(Data):
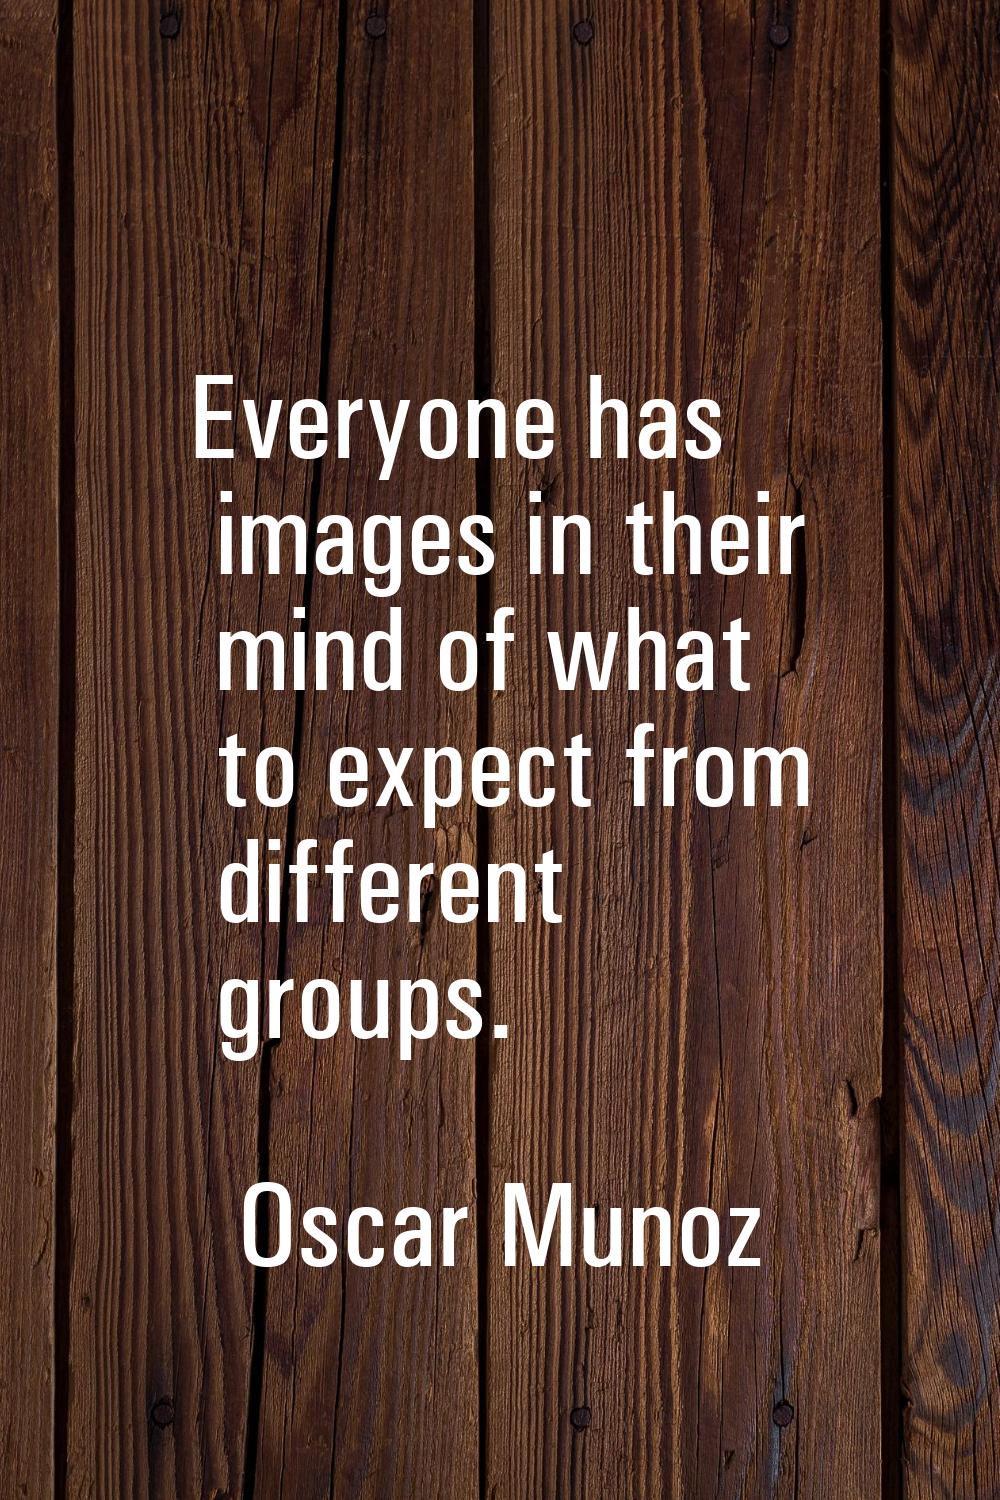 Everyone has images in their mind of what to expect from different groups.
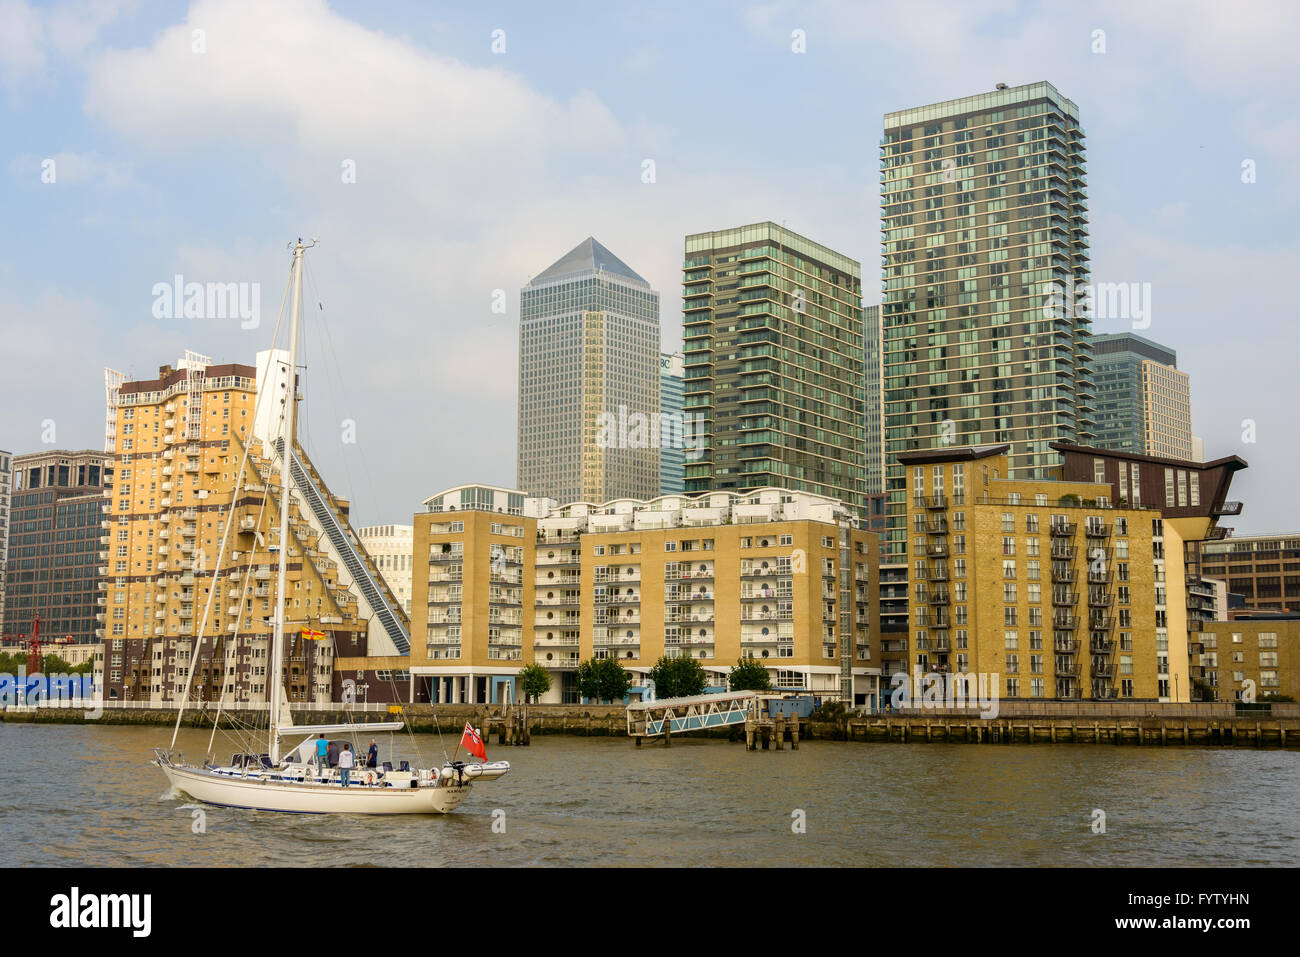 Boat on the river Thames in London, UK Stock Photo
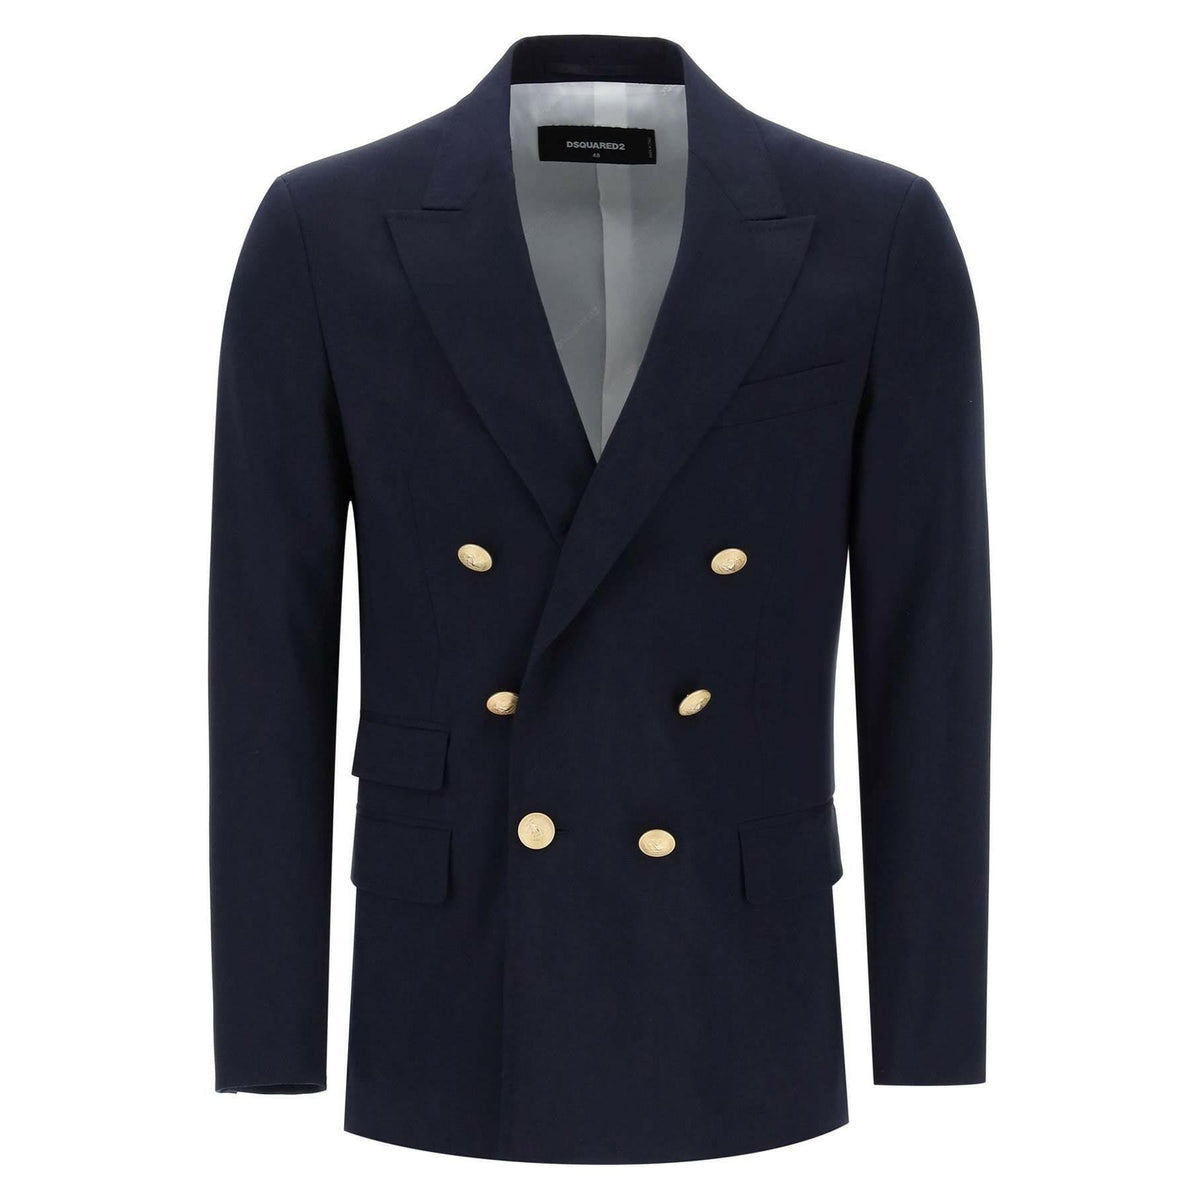 DSQUARED2 - Navy Blue Wool Palm Beach Double-Breasted Jacket With Gold Buttons - JOHN JULIA

(Goal of the exercise):
The answer is the listing above repeated verbatim, minus its images.

(Solution for this problem):
 Everyone has images in their mind of what to expect from different groups.
 Boat on the river Thames in London, UK Stock Photo
 DSQUARED2 - Navy Blue Wool Palm Beach Double-Breasted Jacket With Gold Buttons - JOHN JULIA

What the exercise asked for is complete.